Cnn's nina dos santos says her father advised her to take a job in a christian order. She says the scheme was rejected for doctrinal reasons but was gradually pushed aside. She writes that the zest for life called forth an aspiration against which no worldly zest could stand.
made the decision, I should find the Benedictine order most
suited to my temperament. I went for a number of doctrinal talks with him. The thing I found hardest to swallow was Adams apple. I was told that I must believe that it was the sin of physical greed over a physical apple that caused the Fall. Even though I knew nothing yet of religious symbolism, I felt intuitively that this was a sterile parody of a profound truth. However, the scheme was not rejected for this or any other doctrinal reason but was gradually pushed aside during the months that followed by the zest for life in me which means simply that the spiritual impetus was too weak, for when the real doorway opened several years later it called forth an aspiration against which no worldly zest could stand.

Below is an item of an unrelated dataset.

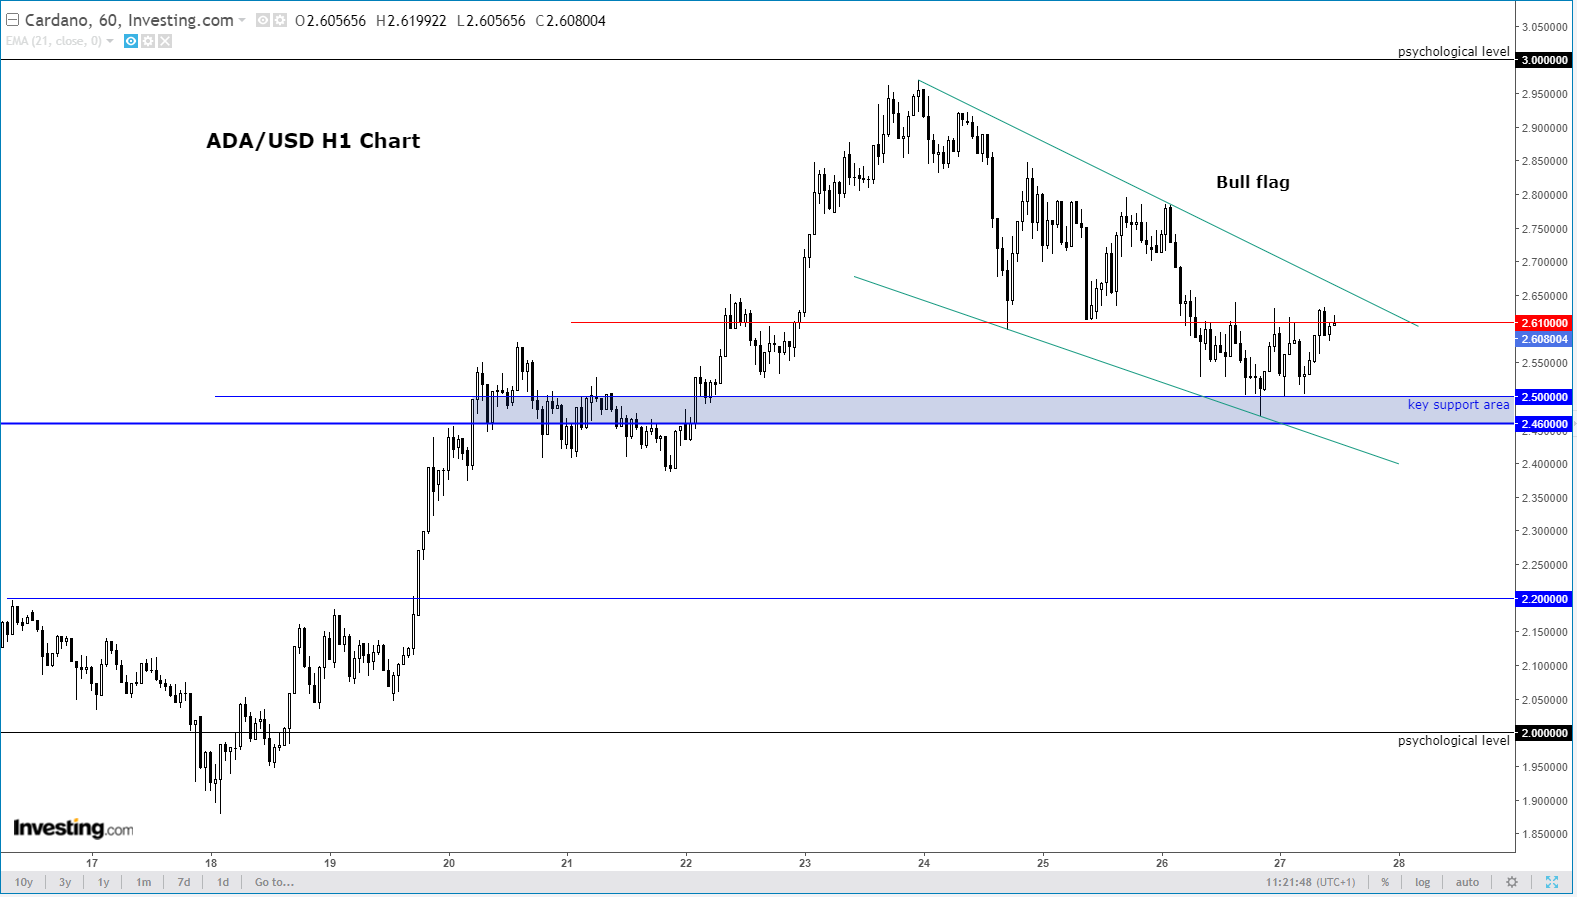 ADA/USD H1 Chart

Within a year I had to give up my job on account of illness. When I recovered the Oxford University Appointments Board informed me of two possibilities one at an Italian Archaeological College in Palestine, and the other as a private tutor in a Polish country family. I applied for both and both accepted me. The former was a chance to retrieve my position in an academic career; the latter was a dead end. However, the former refused to advance my passage money. They were willing to refund it when I arrived but I had not got it. I was no longer on good terms with my father, so instead of asking him for it straight out I asked his advice which job to take. He advised the Polish one. He was a practical, level-headed person, so I could only wonder what his motive was in advising what he must have known to be the wrong choice: whether it was because of the passage money or because the college was Catholic and knowing my leaning in that direction, he feared that I might be lost forever to a religion he abominated.